Ноздрюха выглядывала на них из-за красного своего рояля и все кляла себя, что послушалась, дура стоеросовая, Полину и поперлась за ней. «В космос тебе б полететь еще…» – бормотала она, ущипывая себя в ненависти за кожу на коленке. Но то и дело она забывалась, уставая ругать свою слабовольность, и открывала, что сидит, смотрит на Полину с этим мужиком, странных людей, Антигону и Креона по имени, представляющих, с отпавшей челюстью.
Она думала, что просидела так-то минут тридцать, но, когда толсторожий, хлопнув в ладоши, сказал: «Перерыв», – обнаружила по часикам «Слава» на руке, что минуло полтора часа. Она удивилась этому и, потеряв осторожность, в удивлении потрясла рукой с часиками, проверяя, не остановились ли, и громко сказала:
– Во пробежало-то!..
Толсторожий, в не успевшей еще заполниться ничьими другими голосами тишине, услышал Ноздрюху, повернулся, потянулся своим большим телом в сторону, чтобы получше видеть ее, и позвал:
– Ну-ка, ну-ка! Новенькая?!
Ноздрюха, краснея пятнами и в страхе водя глазами по комнате, ища Полину и не находя ее, вылезла из-за рояля и встала подле.
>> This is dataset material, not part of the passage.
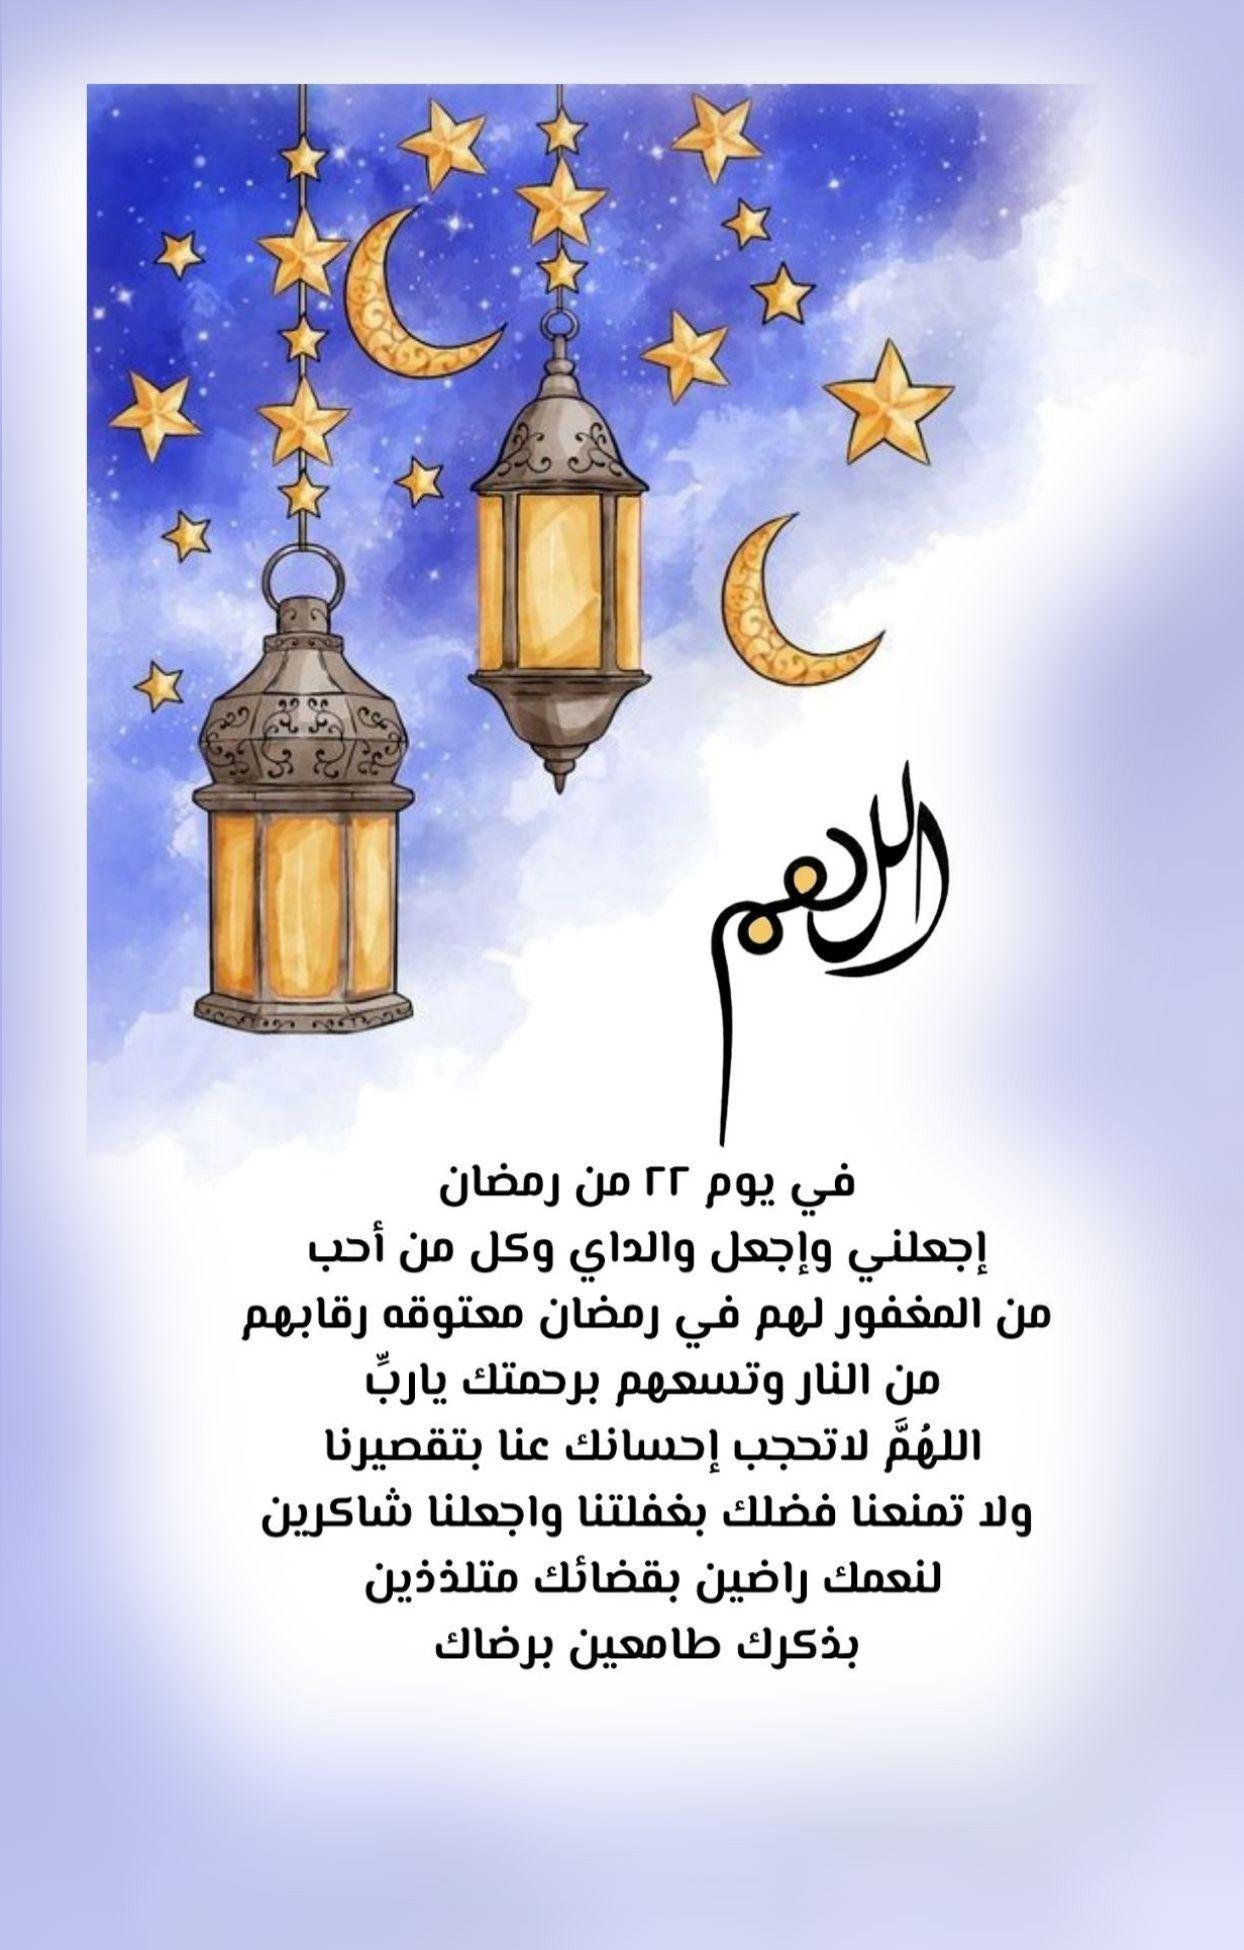 Pin By Ibrahim Abdelnour On Ramadan 2021 In 2021 Ramadan Ramadan Kareem Ramadan Mubarak

– Что ж вы туда спрятались. Давайте идите сюда, – сказал толсторожий, отваливаясь на спинку стула и снова затаскивая одну ногу щиколоткой на другую. – Приготовили почитать что-нибудь?
– А-а… я… я… – забормотала Ноздрюха, перебирая руками по подолу кофты, в которую была одета. – Я… это… чего почитать?
– Ну, чего, чего, – ободряюще улыбнулся толсторожий. – Чего хотите. Что приготовили. Давайте вот сюда, на середочку, чтобы все видели.
Зачем-то подчиняясь ему, Ноздрюха пошла на середочку… превозмогла себя – и остановилась.
– Не-е… – сказала она, чувствуя свое лицо как ободранное морозом. – Я это… посмотреть… А это я – не…
Ей было – хоть под землю проваливайся, и она хотела уйти, но толсторожий не пустил ее.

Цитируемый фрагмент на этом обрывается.